### [Dataset excerpt]
^^^^^^^^

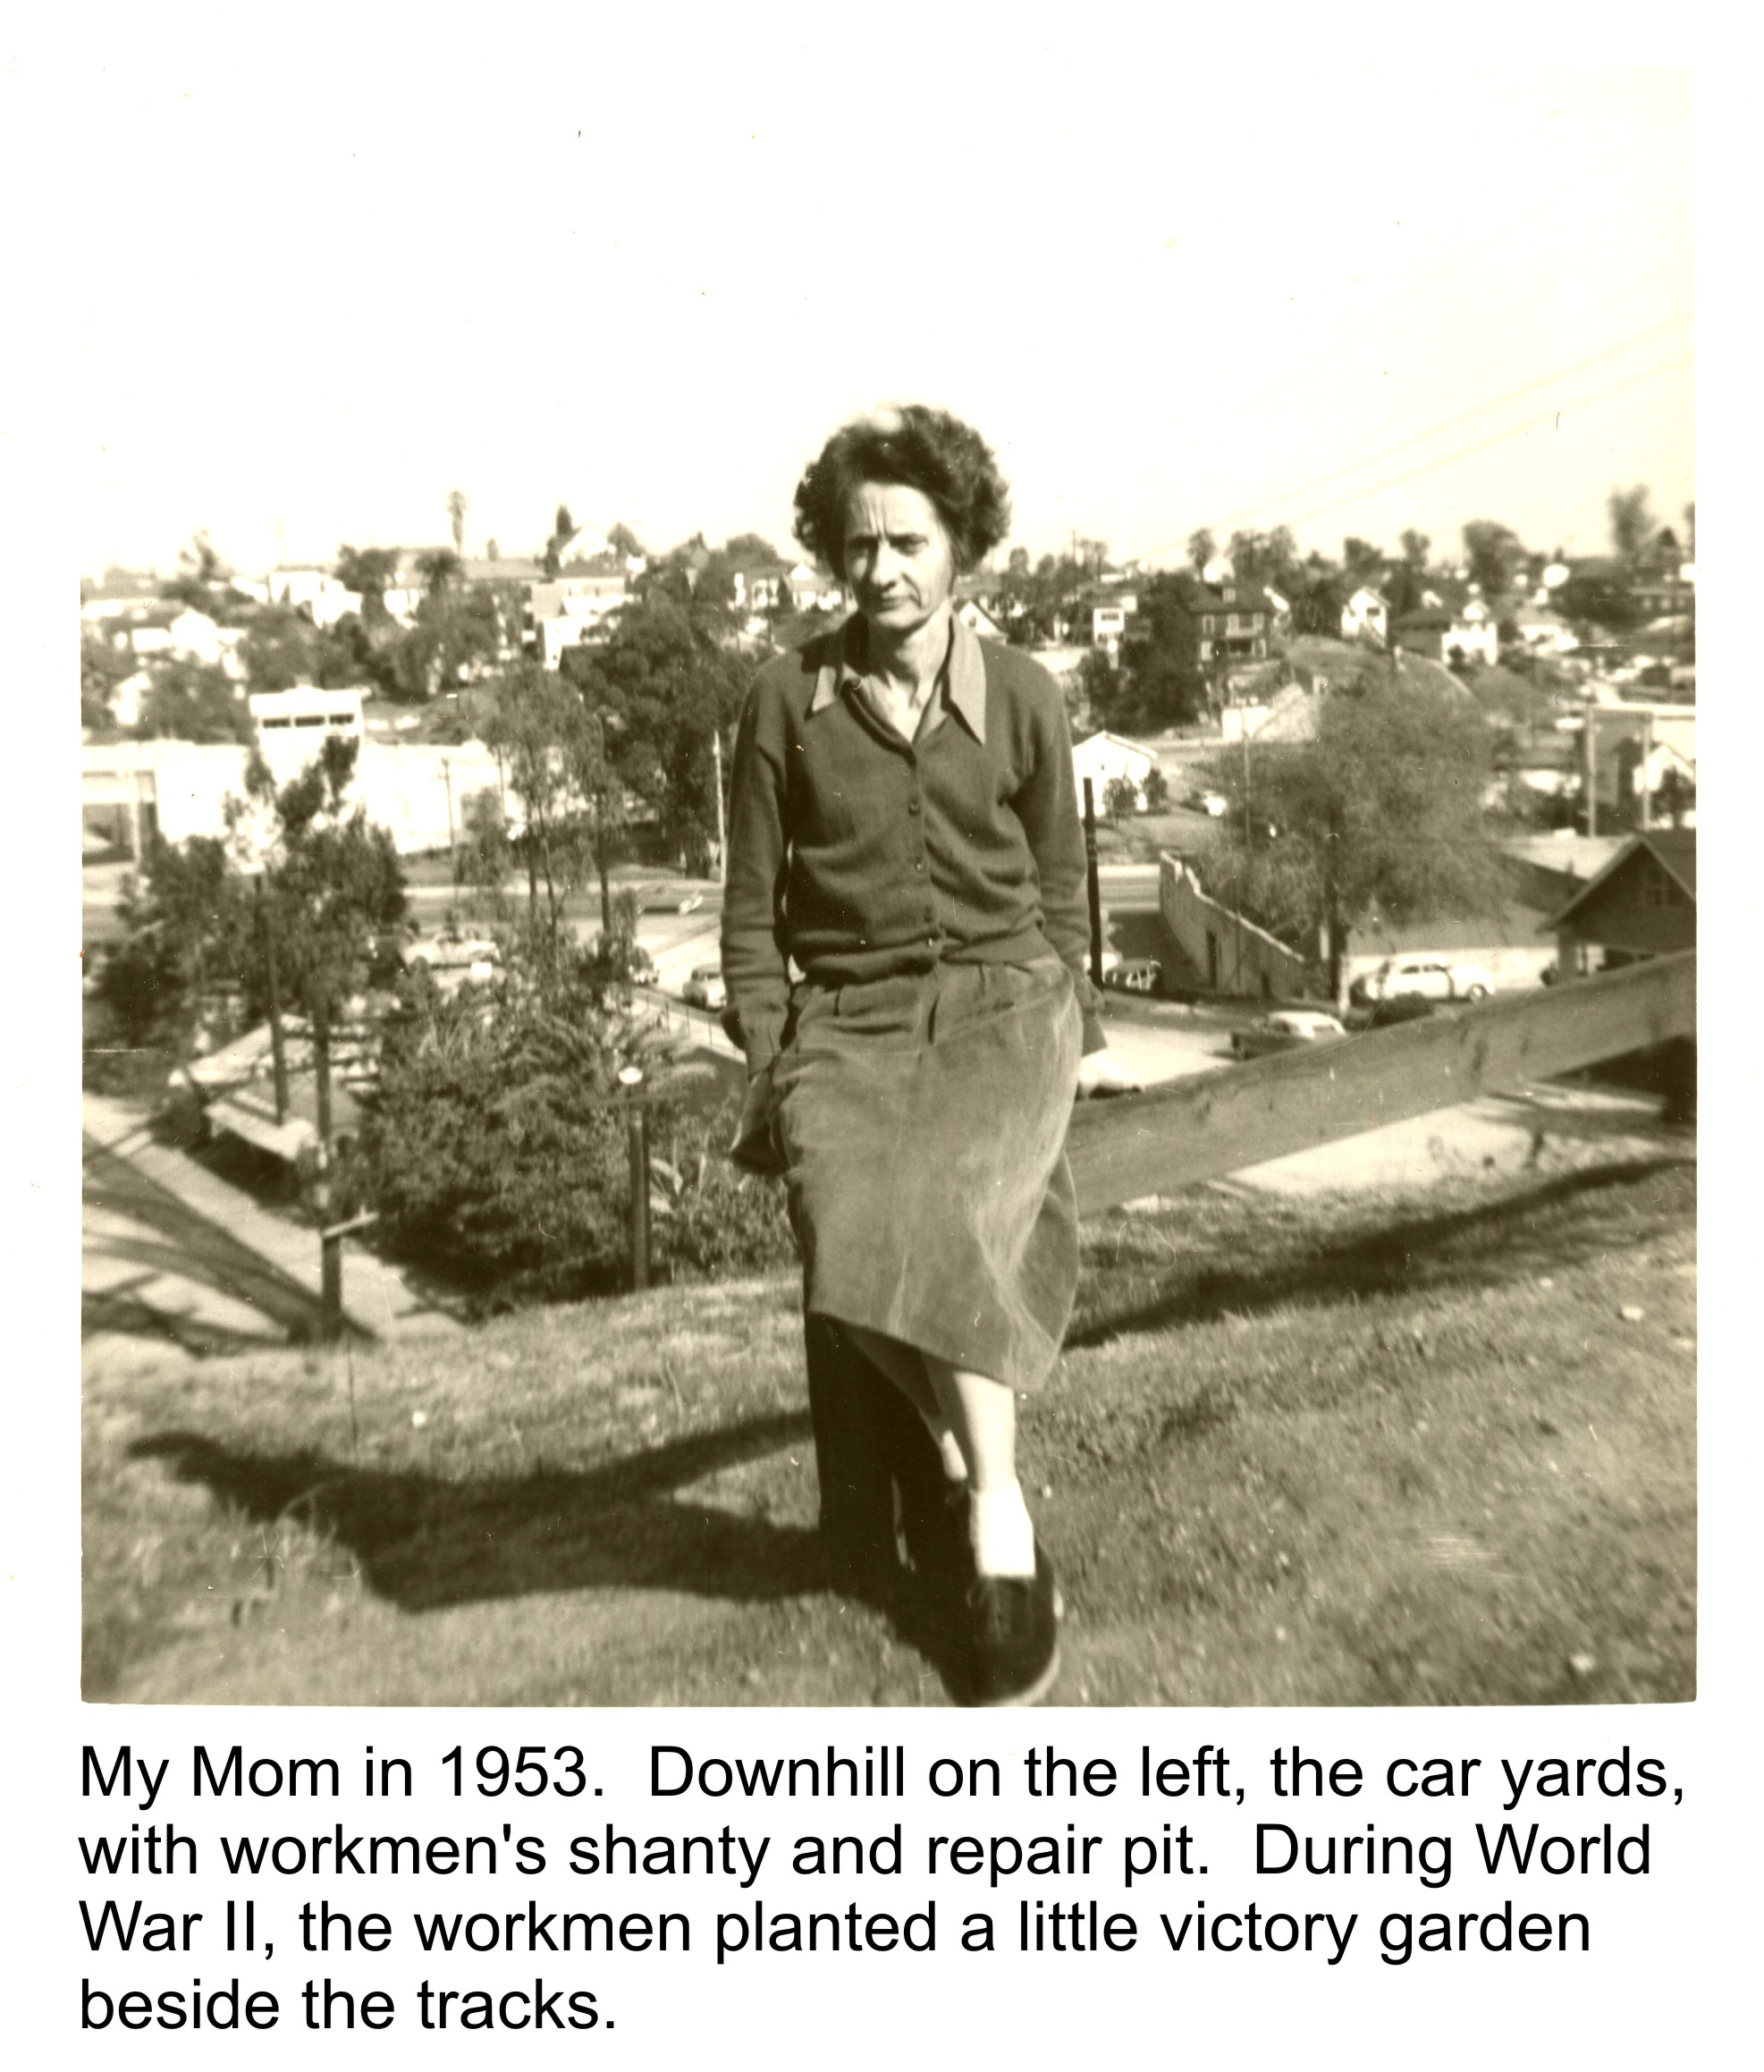 My Mom, yards in background
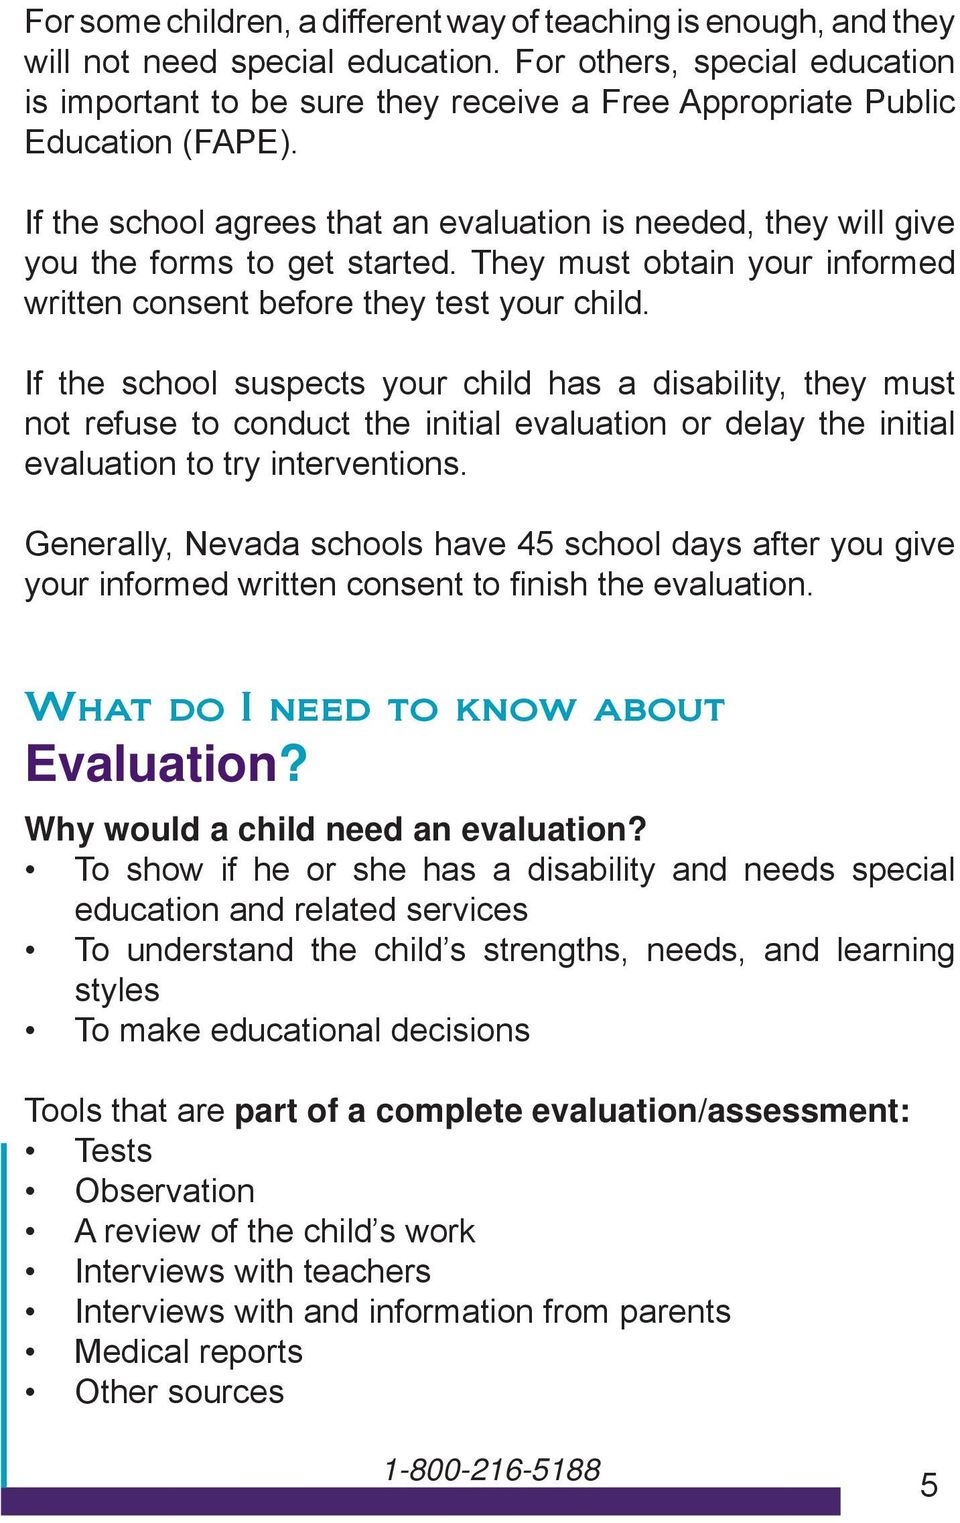 If the school agrees that an evaluation is needed, they will give you the forms to get started. They must obtain your informed written consent before they test your child.
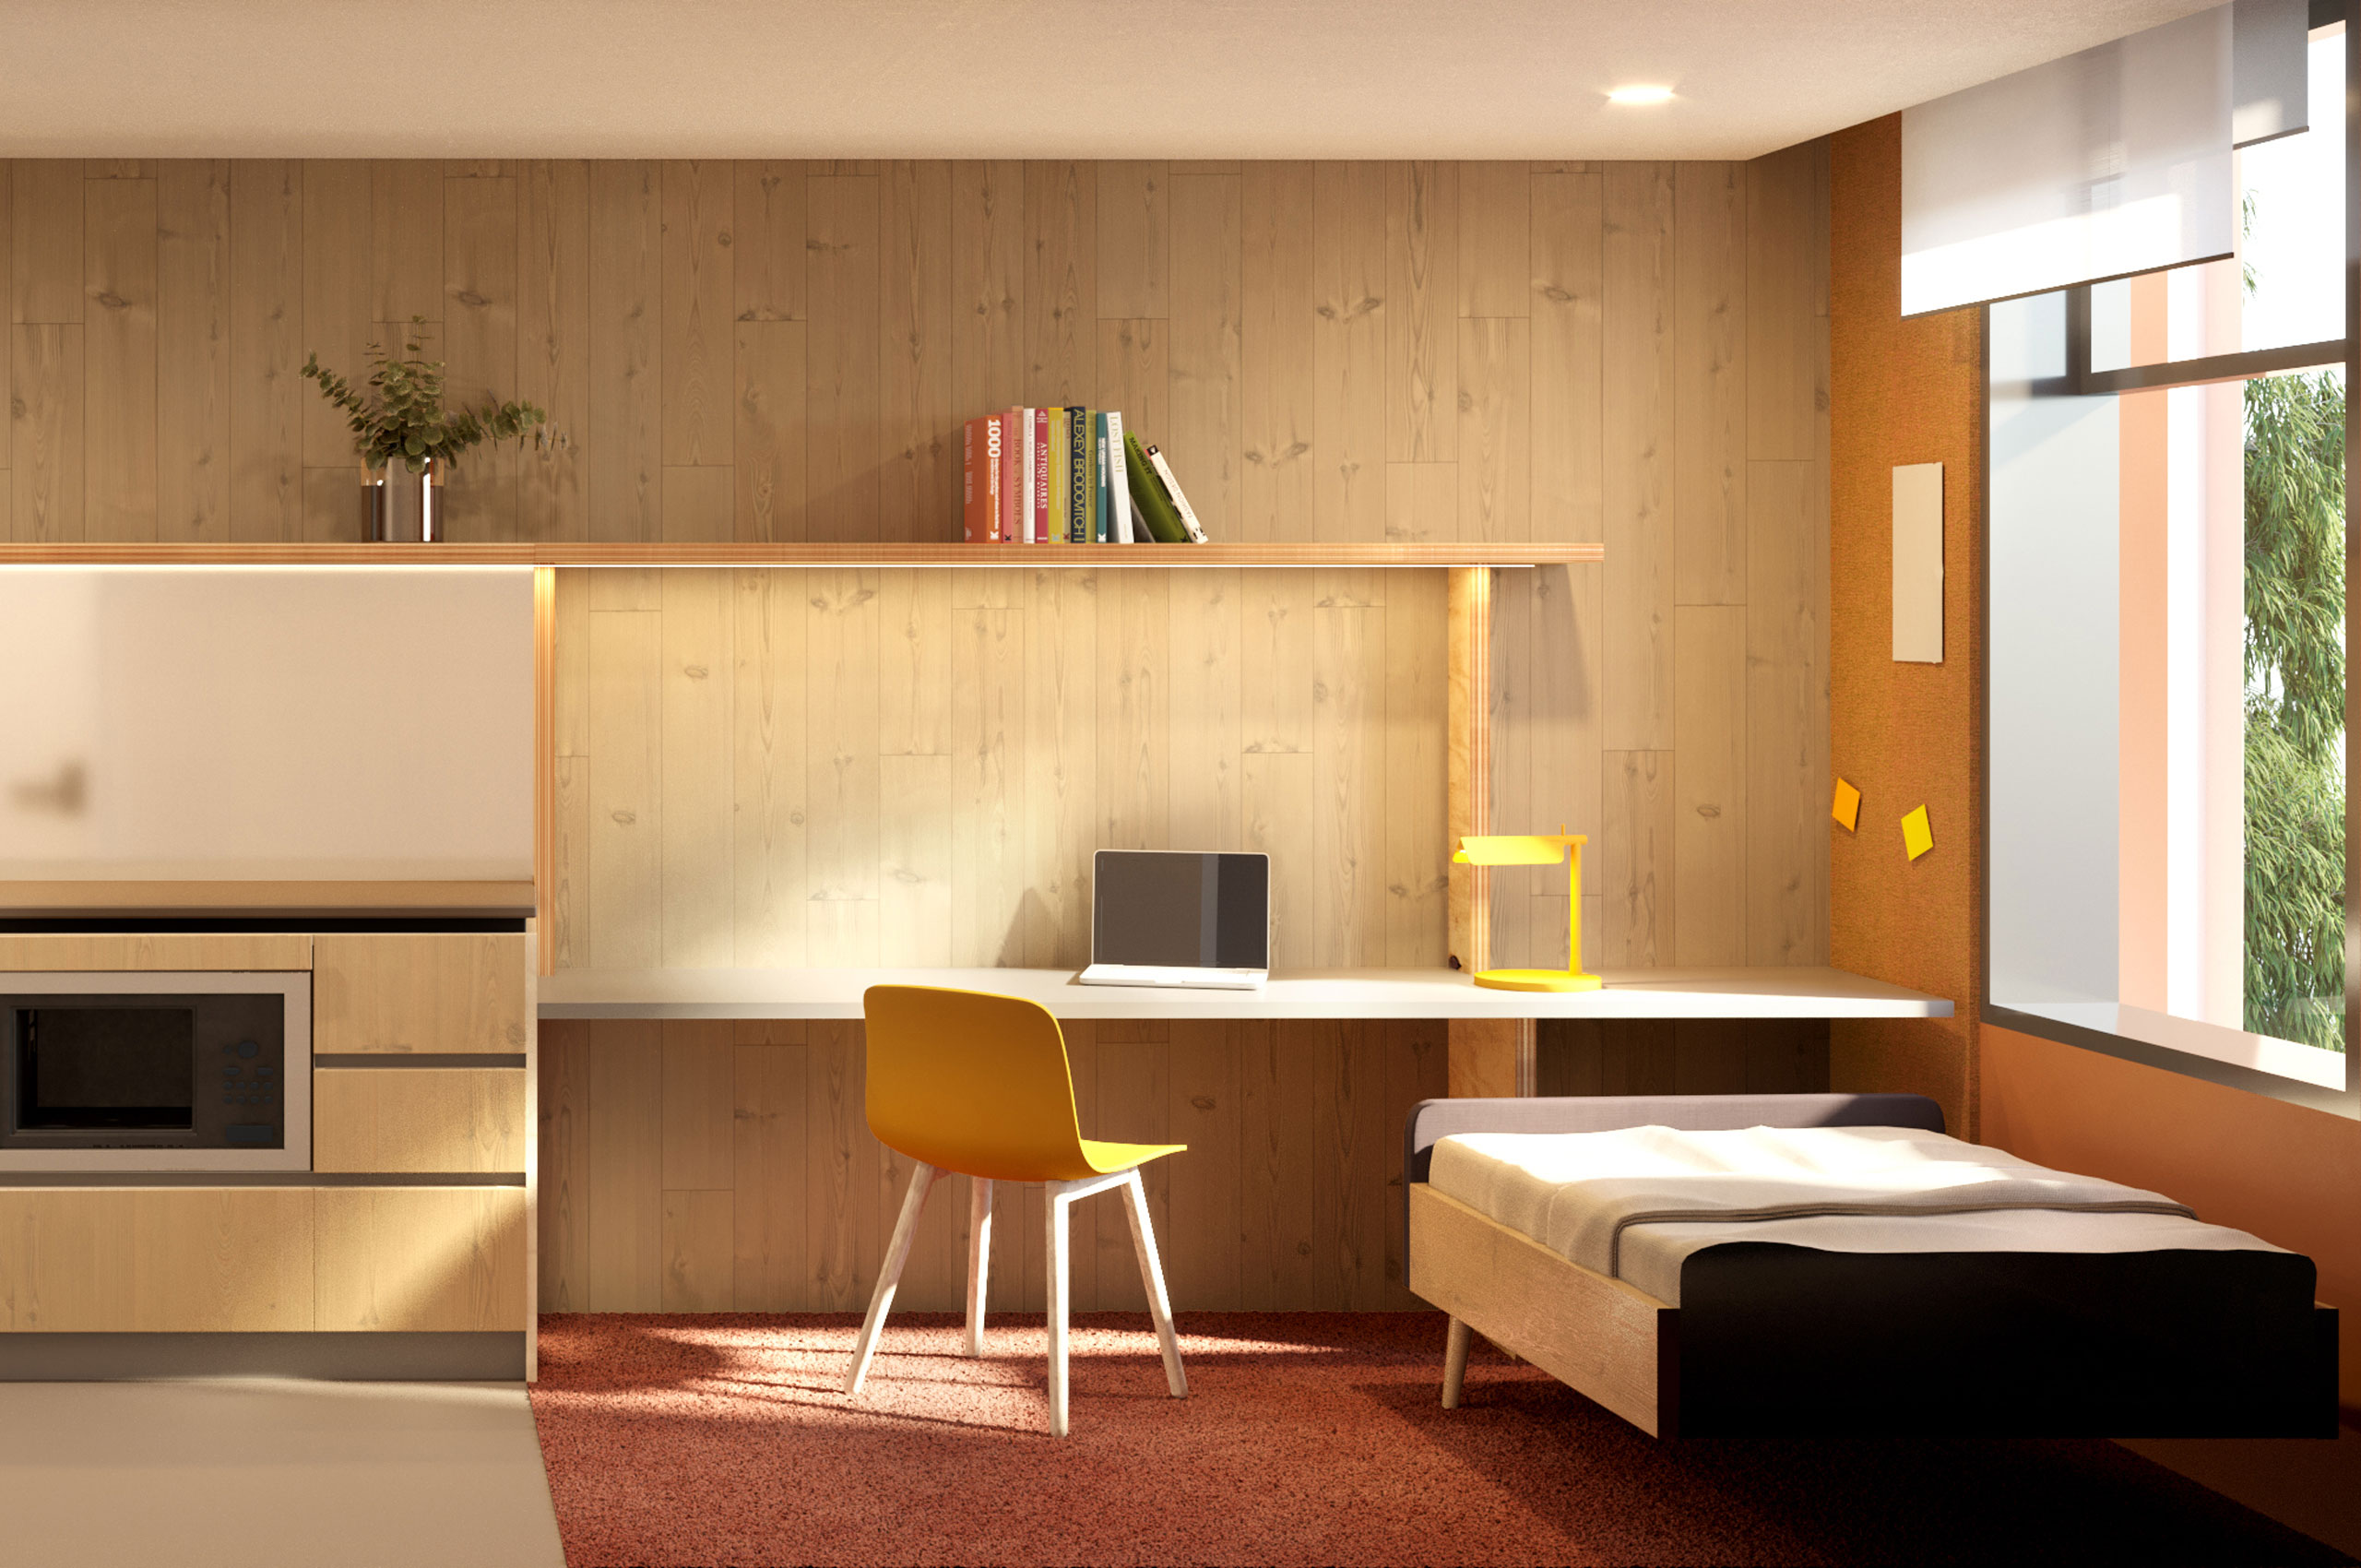 Concept art of single apartment study area and king single bed. [Architect: Jackson Clement Burrows.]

^^^^^^^^

### [Exercise brief]
Down to the last line, set down the data above exactly, and omit all images.

### [Written answer]
 My Mom, yards in background
 If the school agrees that an evaluation is needed, they will give you the forms to get started. They must obtain your informed written consent before they test your child.
 Concept art of single apartment study area and king single bed. [Architect: Jackson Clement Burrows.]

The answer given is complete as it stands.